Island of the Dolls
The Island of the Dolls (Isla de las Muñecas) is a chinampa — a traditional floating garden — located in the canal network of Xochimilco, south of central Mexico City. The island is covered with hundreds of deteriorating dolls hung from trees and fences by its late caretaker, Don Julián Santana Barrera, who spent decades collecting and displaying the figures as a tribute to a young girl he claimed drowned nearby. Since Don Julián’s own death in 2001 — found drowned in the same canal — the island has become one of Latin America’s most visited dark tourism destinations, recognised in 2022 by Guinness World Records as housing the world’s largest collection of so-called haunted dolls.
At a glance
- Type
- Dark tourism site / chinampa (floating garden)
- Period
- Mid-20th century to present; doll accumulation from c. 1950s onward
- Style
- Vernacular / folk; chinampa agricultural landscape
- Location
- Laguna de Tequila, Xochimilco canals, Mexico City, Mexico
- Coordinates
- 19.2924° N, 99.0952° W
Overview
The Island of the Dolls sits within the Xochimilco canal system, a UNESCO World Heritage Site recognised for its pre-Hispanic chinampa farming landscape. The island itself is a small plot of land surrounded by water channels, reachable only by trajinera (a traditional flat-bottomed boat). Hundreds of dolls — many headless, limbless, or heavily weathered — hang from every available surface, creating an atmosphere that blends folk memorial with the uncanny.
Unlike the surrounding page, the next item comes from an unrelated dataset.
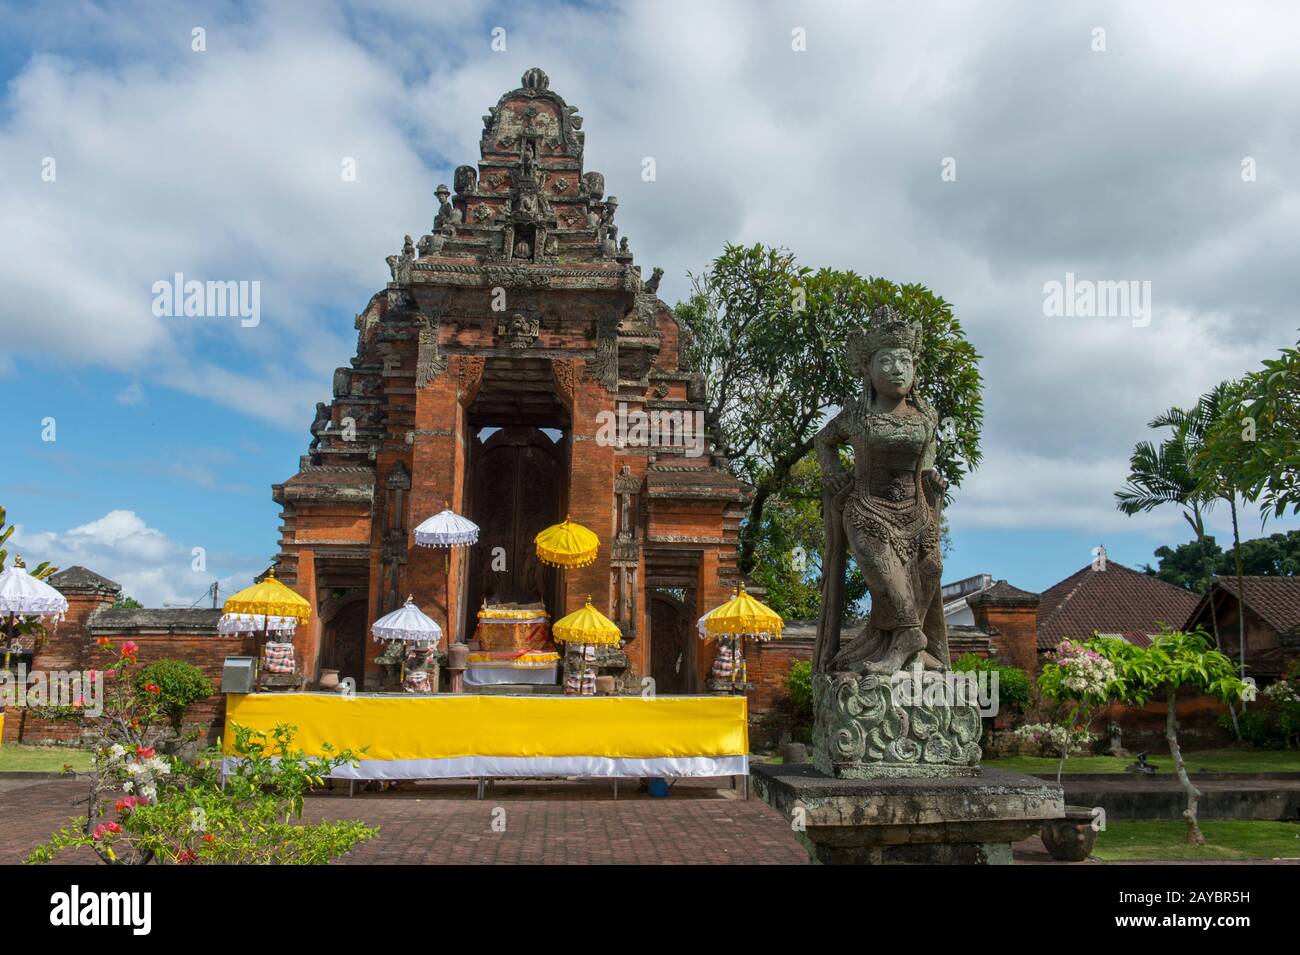 One of the gates to the Puri Semarapura Palace, Klungkung, Bali, Indonesia. Stock Photo

The island is managed by the family of the late Don Julián and receives a steady stream of visitors year-round.
History
Don Julián Santana Barrera settled on the chinampa as a hermit caretaker in the mid-twentieth century. According to his account, he discovered the body of a drowned girl in the canal and shortly afterwards found a doll floating in the water, which he hung from a tree as a sign of respect for her spirit. He continued collecting and hanging dolls for the rest of his life, trading produce from the island for more figures, eventually covering the island with hundreds of them. Don Julián died in April 2001, reportedly found drowned in the same spot where he had claimed to see the girl’s body — a coincidence that dramatically amplified the site’s mythology and drew international media attention.
What you see
Arriving by trajinera through the narrow Xochimilco canals, visitors encounter the island’s perimeter hung with rows of dolls in every state of decay — plastic faces bleached by sun, hair matted by rain, limbs missing or replaced. The trees and fences serve as display structures, with some dolls stacked several layers deep on the same hooks. A small caretaker’s hut and garden occupy the centre of the island. The surrounding canal landscape, with its floating gardens and passing trajineras, places the island within the broader Xochimilco chinampa environment, listed by UNESCO as part of the Historic Centre of Mexico City and Xochimilco.
Cultural significance
The Island of the Dolls is a striking convergence of pre-Hispanic landscape heritage, twentieth-century folk memorialisation, and global dark tourism. It sits within a UNESCO-listed canal system that preserves one of the world’s last surviving chinampa farming traditions, giving the site a dual layer of heritage significance beyond its notoriety. The island was recognised by Guinness World Records in 2022 for its collection, cementing its status in the global cultural imagination.
Practical information
Location: Xochimilco canals, Mexico City, Mexico.
Access: Hire a trajinera at the Embarcadero Cuemanco or Embarcadero Fernando Celada in Xochimilco; the journey takes approximately 1.5–2 hours each way. Negotiate a round-trip fare including waiting time.
Hours: Daylight hours recommended; check with embarcadero operators for current availability.
Admission: Trajinera hire fee applies; small tip for the island caretaker is customary.
Getting there
Take Metro Line 2 (blue) to Tasqueña station, then the light rail (tren ligero) to Xochimilco station. From there, walk or take a mototaxi to the nearest embarcadero. By car, follow Periférico Sur to the Xochimilco exits; parking is available near the embarcaderos. The journey from central Mexico City takes approximately 1–1.5 hours by public transport.